**Materials provided**
——

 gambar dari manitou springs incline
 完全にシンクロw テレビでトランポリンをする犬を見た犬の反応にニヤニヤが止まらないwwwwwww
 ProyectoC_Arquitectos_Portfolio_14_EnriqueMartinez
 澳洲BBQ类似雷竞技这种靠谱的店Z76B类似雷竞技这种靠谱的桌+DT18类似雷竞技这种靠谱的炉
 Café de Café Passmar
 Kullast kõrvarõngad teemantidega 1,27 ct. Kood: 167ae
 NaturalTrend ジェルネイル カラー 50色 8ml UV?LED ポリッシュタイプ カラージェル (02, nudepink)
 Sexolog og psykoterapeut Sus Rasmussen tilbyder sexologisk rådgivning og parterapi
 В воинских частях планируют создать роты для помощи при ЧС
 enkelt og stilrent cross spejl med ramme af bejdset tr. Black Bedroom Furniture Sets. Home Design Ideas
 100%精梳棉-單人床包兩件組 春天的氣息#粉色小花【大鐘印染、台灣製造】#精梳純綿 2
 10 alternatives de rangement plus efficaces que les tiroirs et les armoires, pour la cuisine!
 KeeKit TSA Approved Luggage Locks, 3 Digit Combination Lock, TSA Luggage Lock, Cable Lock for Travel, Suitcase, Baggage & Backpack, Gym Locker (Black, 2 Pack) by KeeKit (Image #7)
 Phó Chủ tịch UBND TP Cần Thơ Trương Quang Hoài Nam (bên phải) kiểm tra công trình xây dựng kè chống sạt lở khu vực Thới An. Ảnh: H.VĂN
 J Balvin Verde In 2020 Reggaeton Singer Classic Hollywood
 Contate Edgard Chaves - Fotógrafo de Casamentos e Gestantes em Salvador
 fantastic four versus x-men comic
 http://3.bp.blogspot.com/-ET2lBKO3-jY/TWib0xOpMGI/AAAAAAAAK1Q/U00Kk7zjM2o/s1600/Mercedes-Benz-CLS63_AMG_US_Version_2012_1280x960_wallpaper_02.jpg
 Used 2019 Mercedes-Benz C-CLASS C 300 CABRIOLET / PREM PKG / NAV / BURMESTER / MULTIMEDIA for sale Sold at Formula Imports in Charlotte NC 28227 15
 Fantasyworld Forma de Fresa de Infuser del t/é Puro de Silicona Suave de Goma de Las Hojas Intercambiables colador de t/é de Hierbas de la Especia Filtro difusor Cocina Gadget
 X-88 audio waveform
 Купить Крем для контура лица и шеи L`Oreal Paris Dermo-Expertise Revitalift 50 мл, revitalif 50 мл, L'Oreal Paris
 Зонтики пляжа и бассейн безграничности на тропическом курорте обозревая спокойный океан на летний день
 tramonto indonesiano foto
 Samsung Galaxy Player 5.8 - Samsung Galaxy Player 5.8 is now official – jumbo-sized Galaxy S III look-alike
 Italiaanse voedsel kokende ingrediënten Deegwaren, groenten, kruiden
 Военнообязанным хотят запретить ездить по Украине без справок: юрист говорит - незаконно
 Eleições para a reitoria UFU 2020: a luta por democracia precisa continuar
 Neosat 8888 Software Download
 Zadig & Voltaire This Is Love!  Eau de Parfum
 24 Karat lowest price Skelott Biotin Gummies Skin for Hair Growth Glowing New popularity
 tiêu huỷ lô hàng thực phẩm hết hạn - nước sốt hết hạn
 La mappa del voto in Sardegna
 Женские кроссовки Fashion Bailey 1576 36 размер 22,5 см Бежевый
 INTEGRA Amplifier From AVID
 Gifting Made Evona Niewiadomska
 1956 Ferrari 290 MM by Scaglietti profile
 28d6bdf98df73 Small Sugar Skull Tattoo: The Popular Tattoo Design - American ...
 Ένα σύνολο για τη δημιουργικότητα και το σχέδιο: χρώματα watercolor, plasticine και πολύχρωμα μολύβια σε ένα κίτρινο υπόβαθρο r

——

**Task to complete**
The expected response is the material above given again line by line, from its first line to the line holding "10 alternatives de", inclusive.

**Task output**
 gambar dari manitou springs incline
 完全にシンクロw テレビでトランポリンをする犬を見た犬の反応にニヤニヤが止まらないwwwwwww
 ProyectoC_Arquitectos_Portfolio_14_EnriqueMartinez
 澳洲BBQ类似雷竞技这种靠谱的店Z76B类似雷竞技这种靠谱的桌+DT18类似雷竞技这种靠谱的炉
 Café de Café Passmar
 Kullast kõrvarõngad teemantidega 1,27 ct. Kood: 167ae
 NaturalTrend ジェルネイル カラー 50色 8ml UV?LED ポリッシュタイプ カラージェル (02, nudepink)
 Sexolog og psykoterapeut Sus Rasmussen tilbyder sexologisk rådgivning og parterapi
 В воинских частях планируют создать роты для помощи при ЧС
 enkelt og stilrent cross spejl med ramme af bejdset tr. Black Bedroom Furniture Sets. Home Design Ideas
 100%精梳棉-單人床包兩件組 春天的氣息#粉色小花【大鐘印染、台灣製造】#精梳純綿 2
 10 alternatives de rangement plus efficaces que les tiroirs et les armoires, pour la cuisine!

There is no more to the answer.